Securities allowed for trading:
Trading within a trading session is only allowed for securities listed in Lists (A) and (B), which have criteria set by the exchange management and approved by the regulatory authority. These lists are reviewed every six months by a specialized committee at the exchange, and the announcement is made the following day. They have the right to include shares of new offerings in these lists if they meet the specified quantitative criteria in the lists, and after studying a trading period extending for at least twenty trading sessions following the first session of trading.
Procedures for trading stocks within the same session:
When a person intends to buy securities, they choose a licensed brokerage firm by the General Authority for Financial Regulation to trade according to this system. When selling or buying, the transaction must be settled within the same session. If settlement is not achieved within the same session, it is settled at the agreed-upon times. The person selects a listed security on the stock exchange that meets the criteria set by the regulatory authority. They cannot reserve a balance greater than 1/10,000 of the total listed shares of the company on the stock exchange, and the regulatory authority can adjust the percentage in cases it determines to be suitable for the market and traders.
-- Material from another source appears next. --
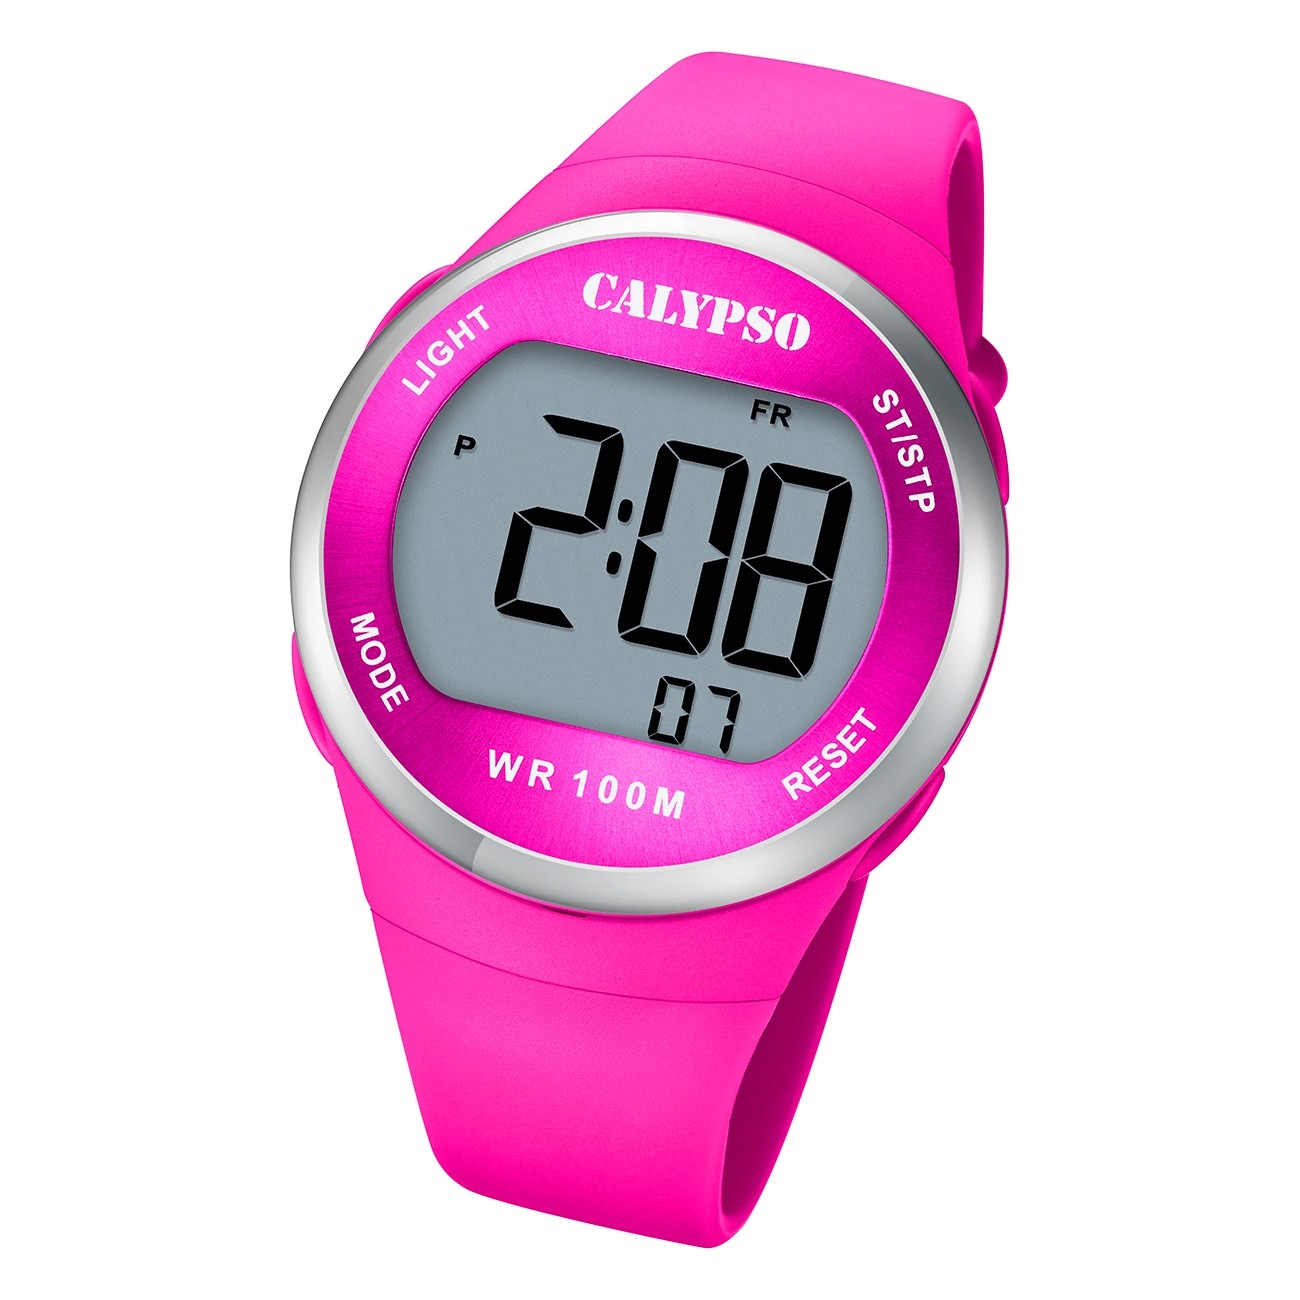 Calypso Damen Jugend Armbanduhr Outdoor K5786/5 Digital Kunststoff pink UK5786/5

The clearing and settlement company handles the cash and paper positions for the trading operations within the same session, and if there are transactions involving two parties, they are settled at the usual times.
Brokerage firm obligations:
The reserved balance that the client is allowed to buy on any given day cannot exceed 1/10,000 (ten thousand) of the total listed shares on the stock exchange, and if the regulatory authority adjusts the percentage in specific cases to make it suitable for the market and participants.
The company executes transactions on stocks within the same session based on client orders and using the same model of orders specific to trading stocks.
If the order is to sell and then buy, the company reserves the quantity that the client requested to sell from the available balance they have.